Simon Willison’s Weblog: o3-mini is really good at writing internal documentation

Source URL: https://simonwillison.net/2025/Feb/5/o3-mini-documentation/#atom-everything
Source: Simon Willison’s Weblog
Title: o3-mini is really good at writing internal documentation

Feedly Summary: o3-mini is really good at writing internal documentation
I wanted to refresh my knowledge of how the Datasette permissions system works today. I already have extensive hand-written documentation for that, but I thought it would be interesting to see if I could derive any insights from running an LLM against the codebase.
o3-mini has an input limit of 200,000 tokens. I used LLM and my files-to-prompt tool to generate the documentation like this:
cd /tmp
git clone https://github.com/simonw/datasette
cd datasette
files-to-prompt datasette -e py -c | \
llm -m o3-mini -s \
‘write extensive documentation for how the permissions system works, as markdown’
The files-to-prompt command is fed the datasette subdirectory, which contains just the source code for the application – omitting tests (in tests/) and documentation (in docs/).
The -e py option causes it to only include files with a .py extension – skipping all of the HTML and JavaScript files in that hierarchy.
The -c option causes it to output Claude’s XML-ish format – a format that works great with other LLMs too.
You can see the output of that command in this Gist.
Then I pipe that result into LLM, requesting the o3-mini OpenAI model and passing the following system prompt:

write extensive documentation for how the permissions system works, as markdown

Specifically requesting Markdown is important.
The prompt used 99,348 input tokens and produced 3,118 output tokens (320 of those were invisible reasoning tokens). That’s a cost of 12.3 cents.
Honestly, the results are fantastic. I had to double-check that I hadn’t accidentally fed in the documentation by mistake.
(It’s possible that the model is picking up additional information about Datasette in its training set, but I’ve seen similar high quality results from other, newer libraries so I don’t think that’s a significant factor.)
In this case I already had extensive written documentation of my own, but this was still a useful refresher to help confirm that the code matched my mental model of how everything works.
Documentation of project internals as a category is notorious for going out of date. Having tricks like this to derive usable how-it-works documentation from existing codebases in just a few seconds and at a cost of a few cents is wildly valuable.
Tags: llm, openai, o3, ai, llms, datasette, generative-ai, documentation, ai-assisted-programming

AI Summary and Description: Yes

Summary: The text discusses the use of an LLM (o3-mini) to generate documentation for the Datasette permissions system, highlighting the efficiency and cost-effectiveness of leveraging AI for this purpose. It is particularly relevant to professionals interested in generative AI applications in software development and documentation practices.

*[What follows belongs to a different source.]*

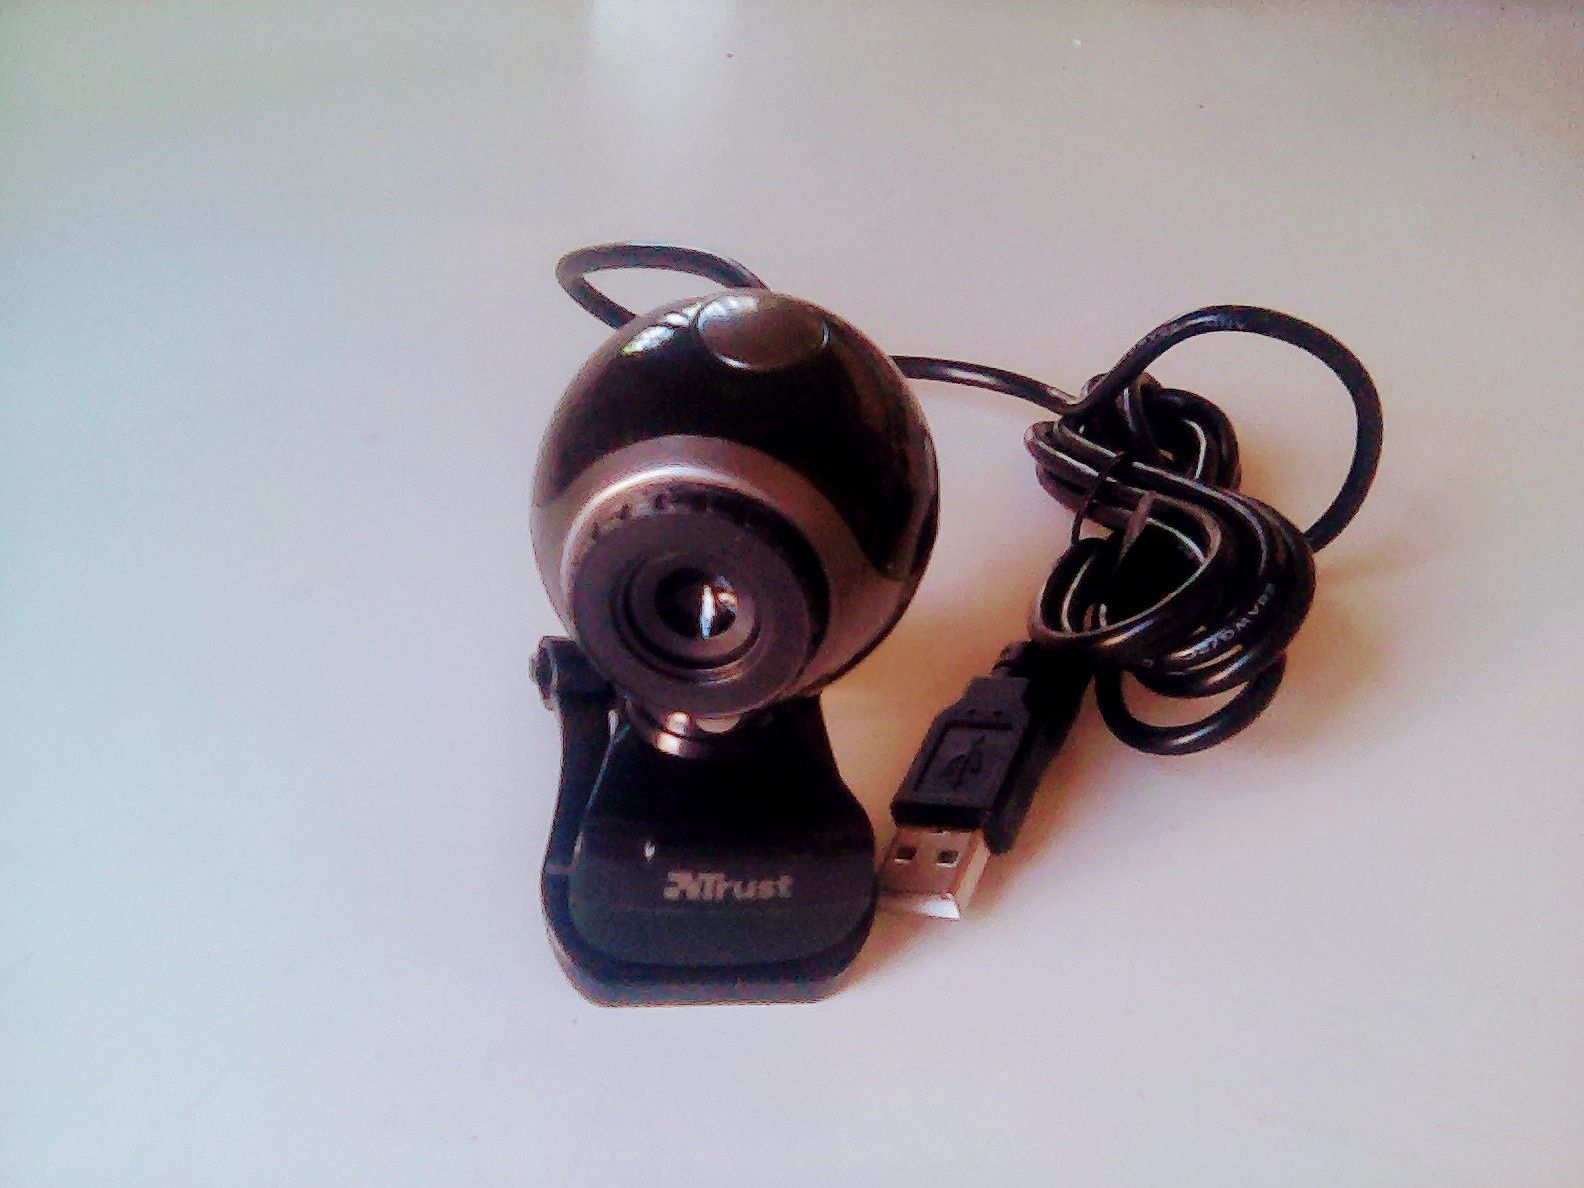 Webcam TRUST para PC e Portáteis - NOVO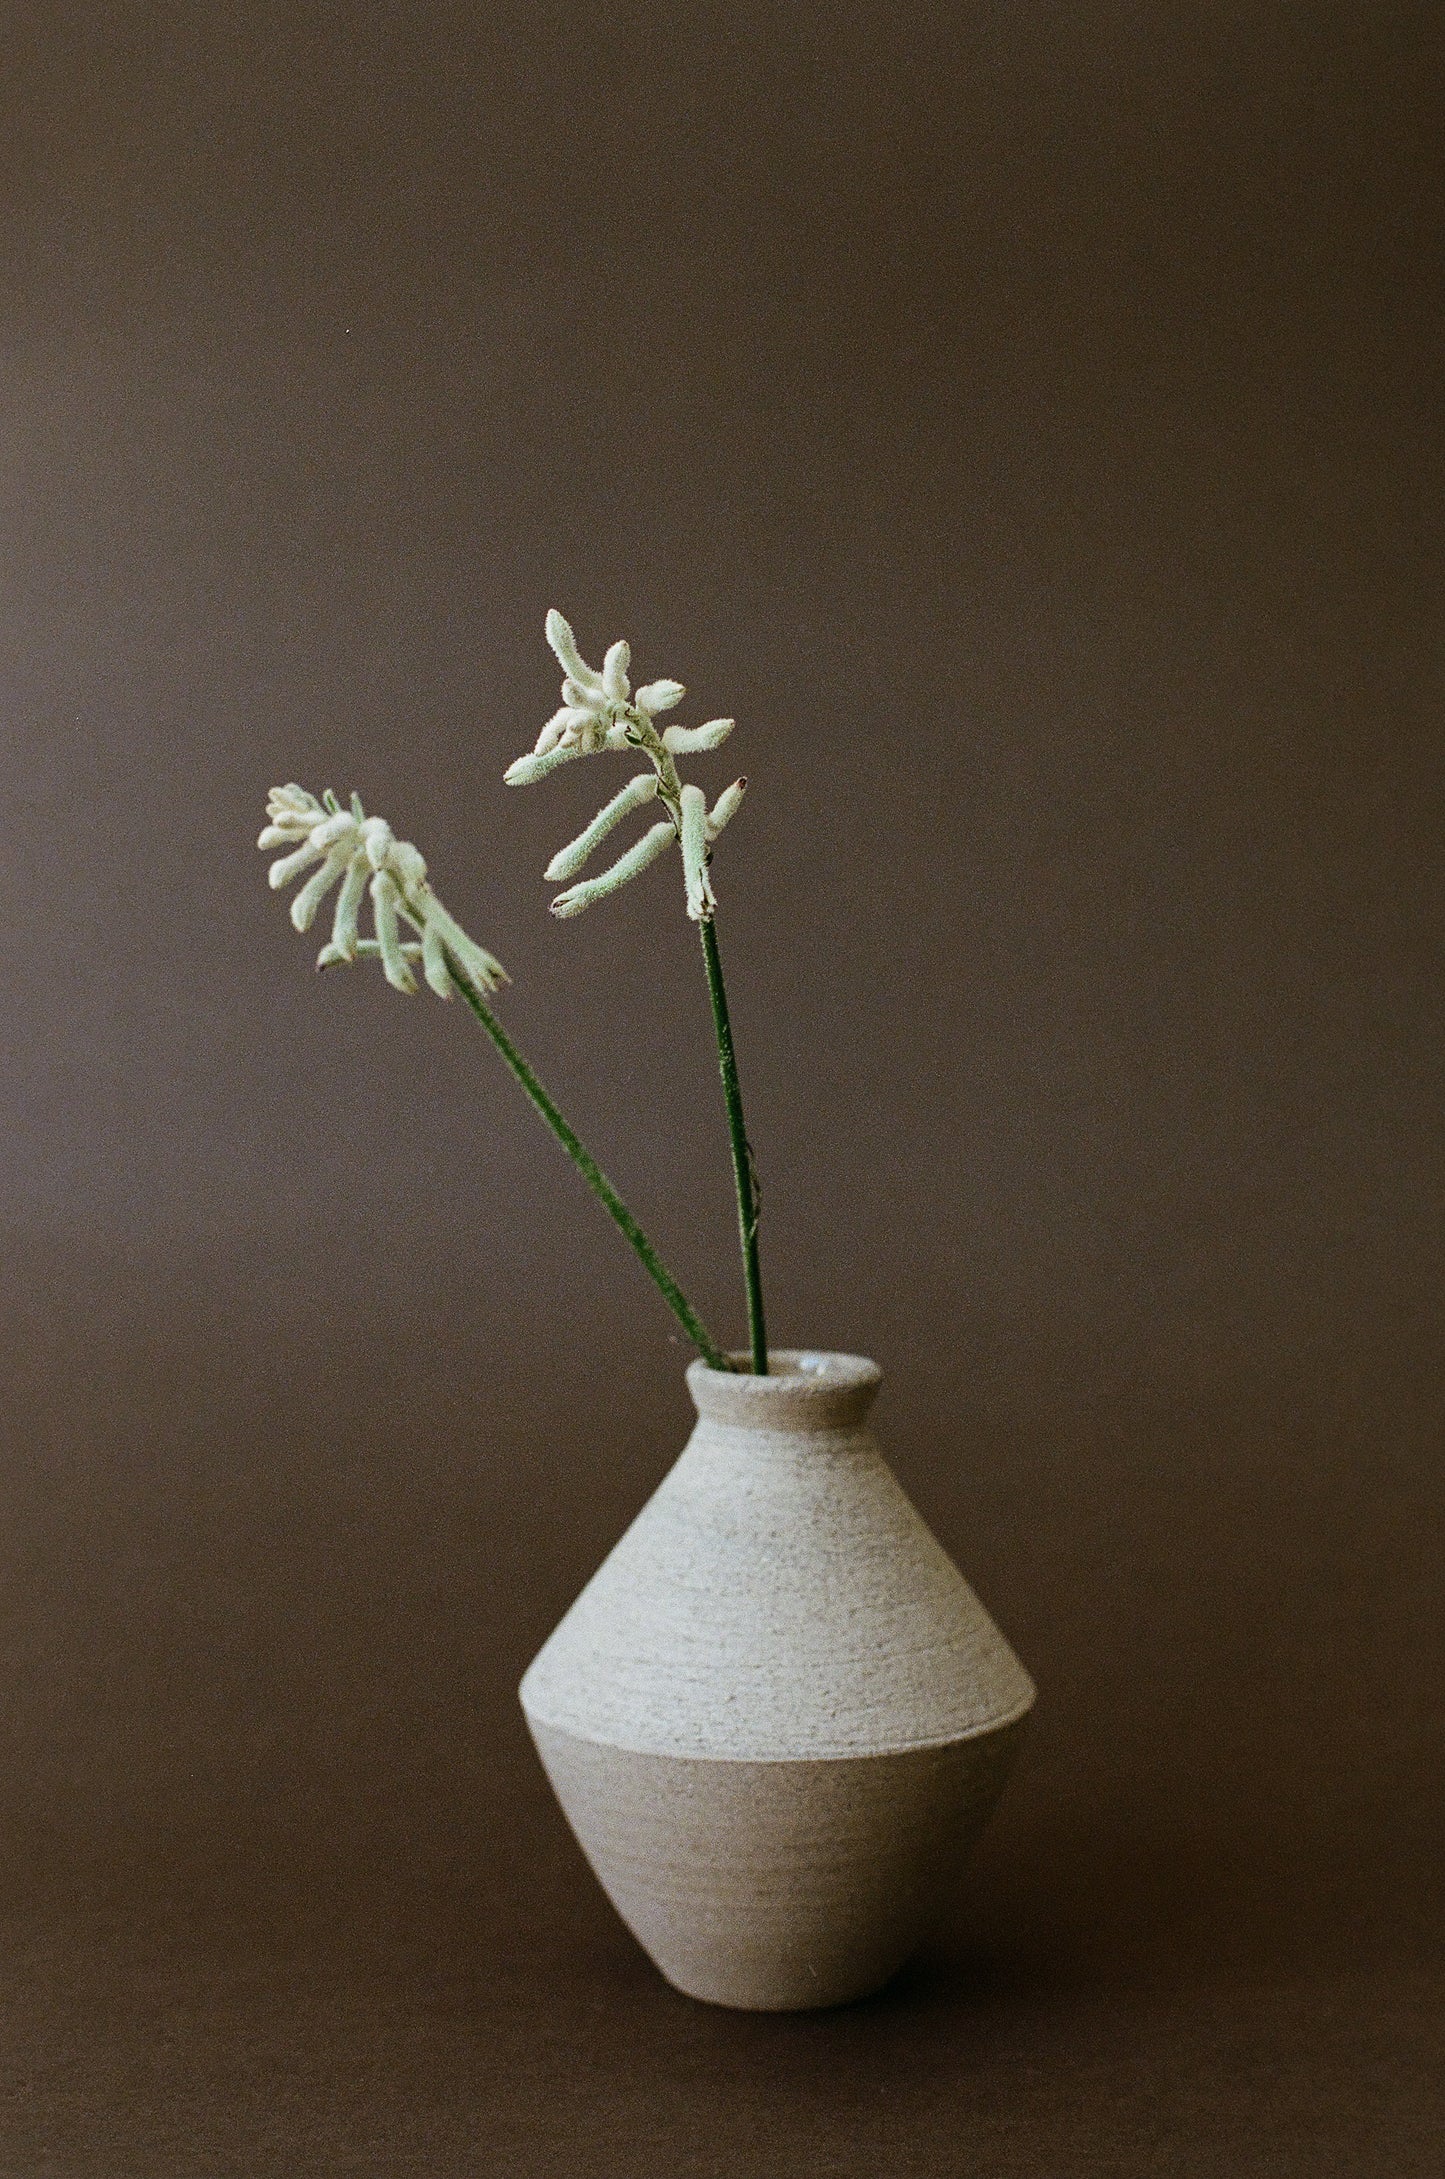 Angular Ceramic Vase, Beige

Detailed Description: The text illustrates a practical application of generative AI in creating internal project documentation, specifically using an LLM model (o3-mini). Here are the key points:

– **Use of LLM for Documentation**:
– The author aimed to refresh their knowledge of the Datasette permissions system and decided to utilize an LLM to auto-generate documentation.
– Extensive hand-written documentation already existed but the author sought additional insights through generative AI.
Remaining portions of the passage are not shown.